Like women everywhere, I wish I were a better mother. Joy is seventeen months old and still in diapers that have to be washed by hand. She often cries in the afternoons, and I have to walk her back and forth for what seems like hours to calm her. It isn’t her fault. Because of her filming schedules, she doesn’t sleep well at night and she barely naps during the day. She eats American food on the sets and spits out the Chinese food I make for her. I try to hold her, snuggle her, and do all the things a mother’s supposed to do, but there’s a part of me that still doesn’t like to touch or be touched. I love my daughter, but she’s a Tiger child and not easy. And then there’s May, who now spends a lot of time with Joy. A kernel of bitterness begins to grow, which Yen-yen feeds and nourishes. I shouldn’t listen to that old woman, but I can’t get away from her.

“That May thinks only of herself. Her beautiful face hides a devious heart. She has just one thing to do and she doesn’t do it. Pearl, Pearl, Pearl, you sit here and take care of a worthless girl all day. But where is your sister’s child? Why won’t she bring us a son? Why, Pearl, why? Because she’s selfish, because she doesn’t think of helping you or anyone else in the family.”

I don’t want to believe these things are true, but I can’t deny that May is changing. As her jie jie, I should try to stop it, but my parents and I didn’t know how to do it when May was a little girl and I don’t know how to do it now.

To make things more difficult, May often calls me from the set, lowers her voice, and then asks, “How in the H do I tell these people they have to carry their firearms over their shoulders?” Or “How in the H do I tell them to huddle together when they’re being beaten?” And I tell her the Sze Yup words, because I don’t know what else to do.

By Christmas, our lives have settled. May and I have been here twenty months. Making our own money allows us to slip away for excursions and treats. Father Louie calls us spendthrifts, but we always weigh how to spend our cash. I want a more stylish haircut than I can get in Chinatown, but every time I go to a beauty parlor in the Occidental part of town, they say, “We don’t cut Chinese hair.” I finally get someone to cut my hair after hours, when white customers won’t be offended by my presence. A car would be nice too-we could get a used four-door Plymouth for five hundred dollars-but we have a long way to save for that.

In the meantime, we go to the movie palaces on Broadway. Even if we pay for the best seats, we have to sit in the balcony. But we don’t care, because movies perk up the spirits.

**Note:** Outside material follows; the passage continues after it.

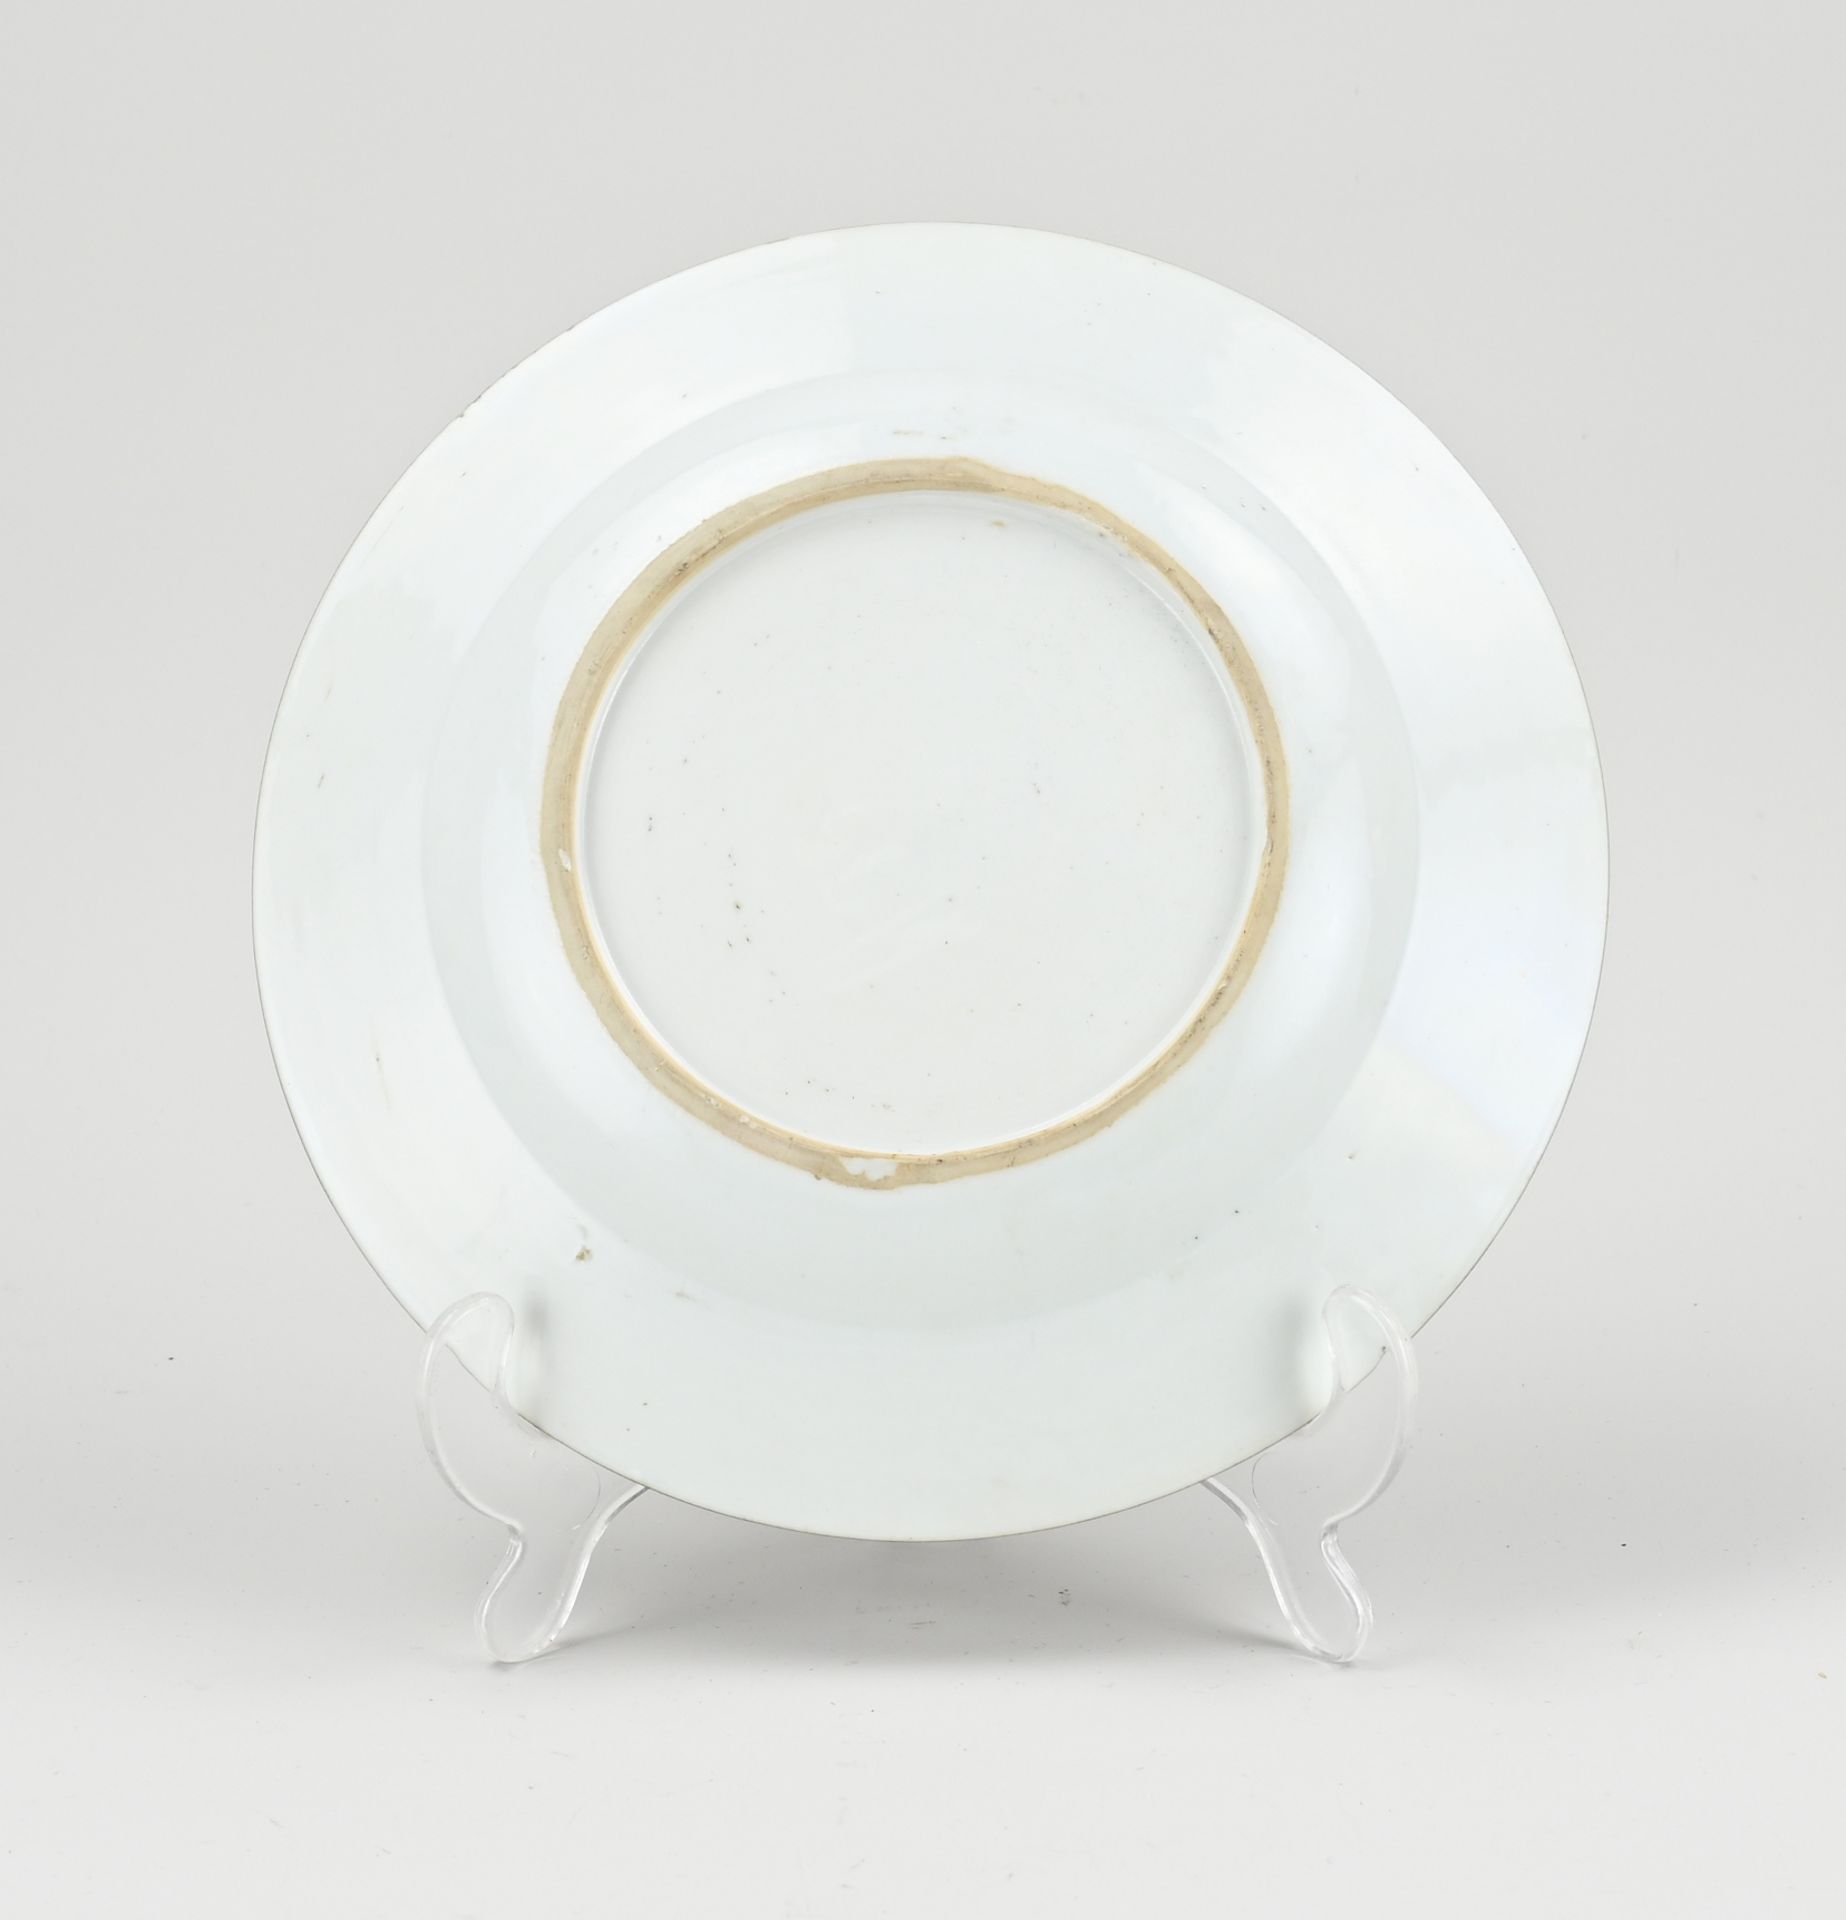 Chinese Imari plate Ø 22.5 cm. - Image 2 of 2

We cheer when we glimpse May as a fallen woman begging a missionary for forgiveness or Joy as an orphan being handed onto a sampan by Clark Gable. Seeing my daughter’s beautiful face on the screen, I’m embarrassed by my dark skin. I take some of my money to the apothecary and buy face cream embellished with ground pearls, hoping to make my face as fair as Joy’s mother’s should be.

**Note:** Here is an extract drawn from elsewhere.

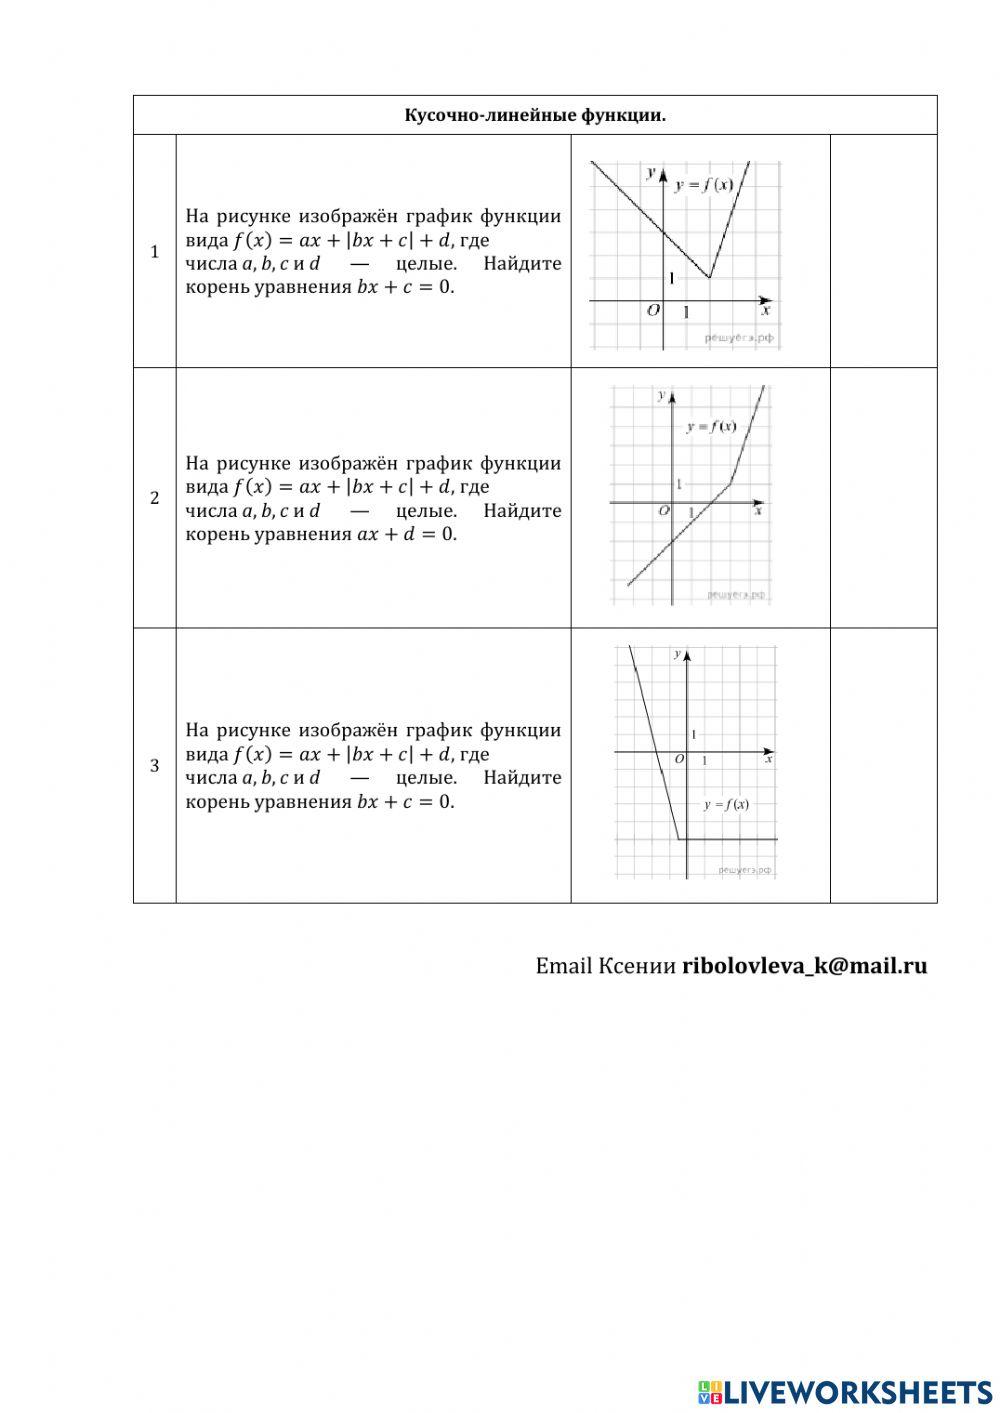 ДЗ №6: текстовые задачи и графики.

During our time here, May and I have changed from beautiful girls buffeted by fate and looking for escape to young wives not completely happy with our lots-but what young wives are? Sam and I are doing the husband-wife thing, but so are May and Vern. I know because the walls are thin and I can hear everything. We have accepted and adapted to what’s safe, and we do our best to find pleasure where we can. On New Year’s Eve, we dress up and go to the Palomar Dance Hall, only to be turned away because we’re Chinese. Standing on the street corner, I gaze up and see a full moon that looks worn and blurred, dulled by the lights and the exhaust that hang in the air. As one poet wrote, Even the best of moons will be tinged with sadness.